DESCRIPTION (provided by applicant): The T cell immunoglobulin mucin (TIM) family of novel receptor-ligand pairs plays important roles in T cell activation, differentiation and effector function, and in regulation of immune responses in autoimmunity and allergy/asthma, but its functions in alloimmune responses are poorly defined. Our central hypothesis, supported by extensive preliminary data, is that the TIM-1 :TIM-4 pathway, by affecting T helper cell differentiation, play important roles in alloimmune responses and tolerance in vivo. In addition, data from our group and others suggest a possible role of the TIM family of molecules in the function of regulatory T cells. The main goal of this proposal is to define the role and understand the mechanisms of action of the TIM-1:TIM-4 pathway in regulating alloimmune responses in vivo as a means of achieving durable and reproducible tolerance in murine transplant models. Unique tools, including anti-TIM agonistic and blocking antibodies and fusion proteins, and gene knockout and TCR transgenic animals will be used to dissect the functions of the TIM-1 :TIM-4 pathway in alloimmunity using vascularized transplant models of acute and chronic rejection, and stringent models of skin transplantation. More specifically, the aims of the project are: 1. To investigate the functions of the TIM-1 :TIM-4 pathway in alloimmune responses in vivo. 2. To investigate the functions of the TIM-1 :TIM-4 pathway in chronic rejection. 3. To investigate the mechanisms of action of targeting the TIM-1 :TIM-4 pathway in alloreactivity and tolerance via defining the fate of alloreactive T cells in vivo. 4. To study the role of the TIM-1 :TIM-4 pathway in generation/function of Foxp3 regulatory T cells in vivo. Overall, our specific aims describe complimentary approaches that should lead to the development of innovative strategies to permit solid organ graft acceptance without chronic rejection to translate to primates and humans.
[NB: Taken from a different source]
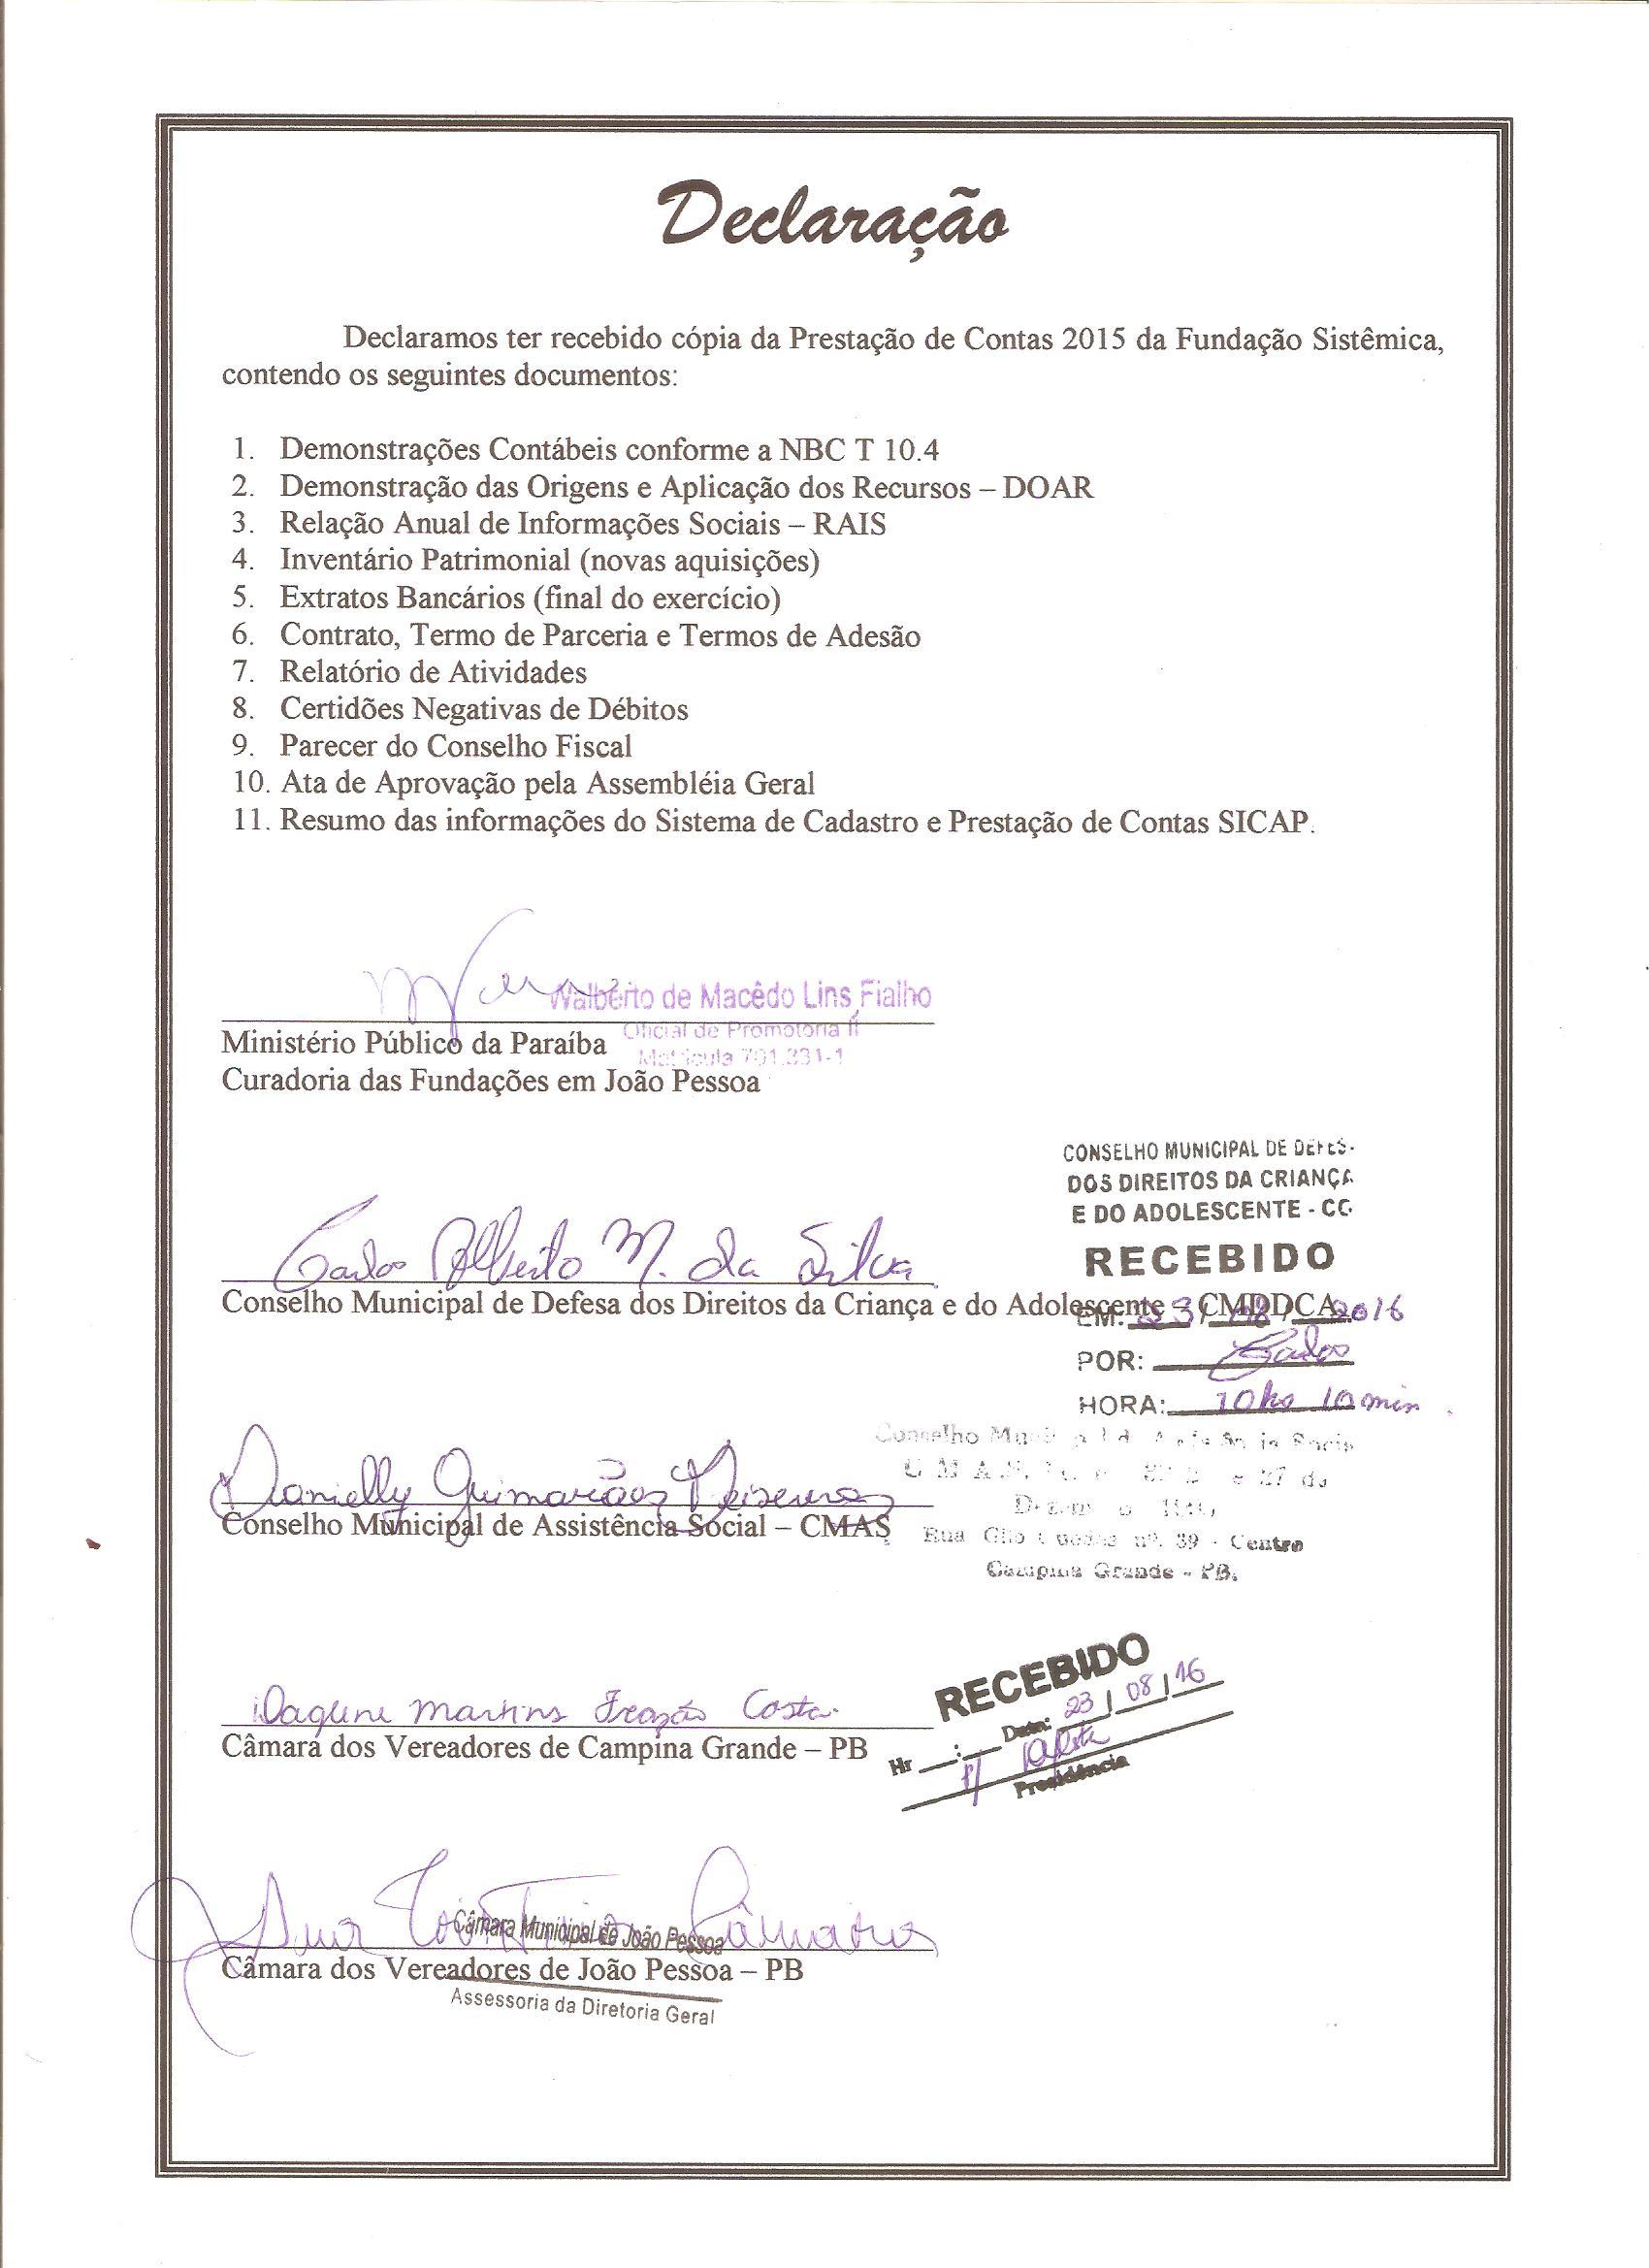 Declaração de Prestação de Contas 2015

描述（由申请人提供）：T细胞免疫球蛋白粘蛋白（TIM）新型受体配体对家族在T细胞激活，分化和效应子功能以及自身免疫和过敏/哮喘中免疫反应的调节中起着重要作用，但是它在AlloMmune响应中的功能较差。我们的中心假设得到了广泛的初步数据的支持，是tim-1：tim-4途径通过影响T辅助细胞分化，在体内中扮演着重要的作用，在体内发挥重要作用。此外，我们小组和其他人的数据表明，TIM分子家族在调节T细胞功能中的可能作用。该提案的主要目的是定义角色并了解TIM-1：TIM-4途径在调节体内同种免疫反应方面的作用机制，以作为在鼠类移植模型中实现耐用且可再现的耐受性的一种手段。独特的工具，包括抗TIM激动剂和阻断抗体和融合蛋白，以及基因敲除和TCR转基因动物，用于使用急性和慢性抑制模型的血管化移植模型的血管化移植模型，以及皮肤移植的严格模型，在同种免疫性中剖析TIM-1：TIM-4途径的功能。更具体地说，该项目的目的是：1。研究TIM-1：TIM-4途径在体内响应中的功能。 2。研究慢性排斥反应中TIM-1：TIM-4途径的功能。 3。通过定义体内同种反应性T细胞的命运，研究靶向TIM-1：TIM-1：TIM-1：TIM-4途径的作用机制。 4。研究TIM-1：TIM-4途径在体内Foxp3调节T细胞的发电/功能中的作用。总体而言，我们的具体目的描述了免费的方法，这些方法应导致创新策略的发展，以允许固体器官移植的接受而无需长期拒绝以转化为灵长类动物和人类。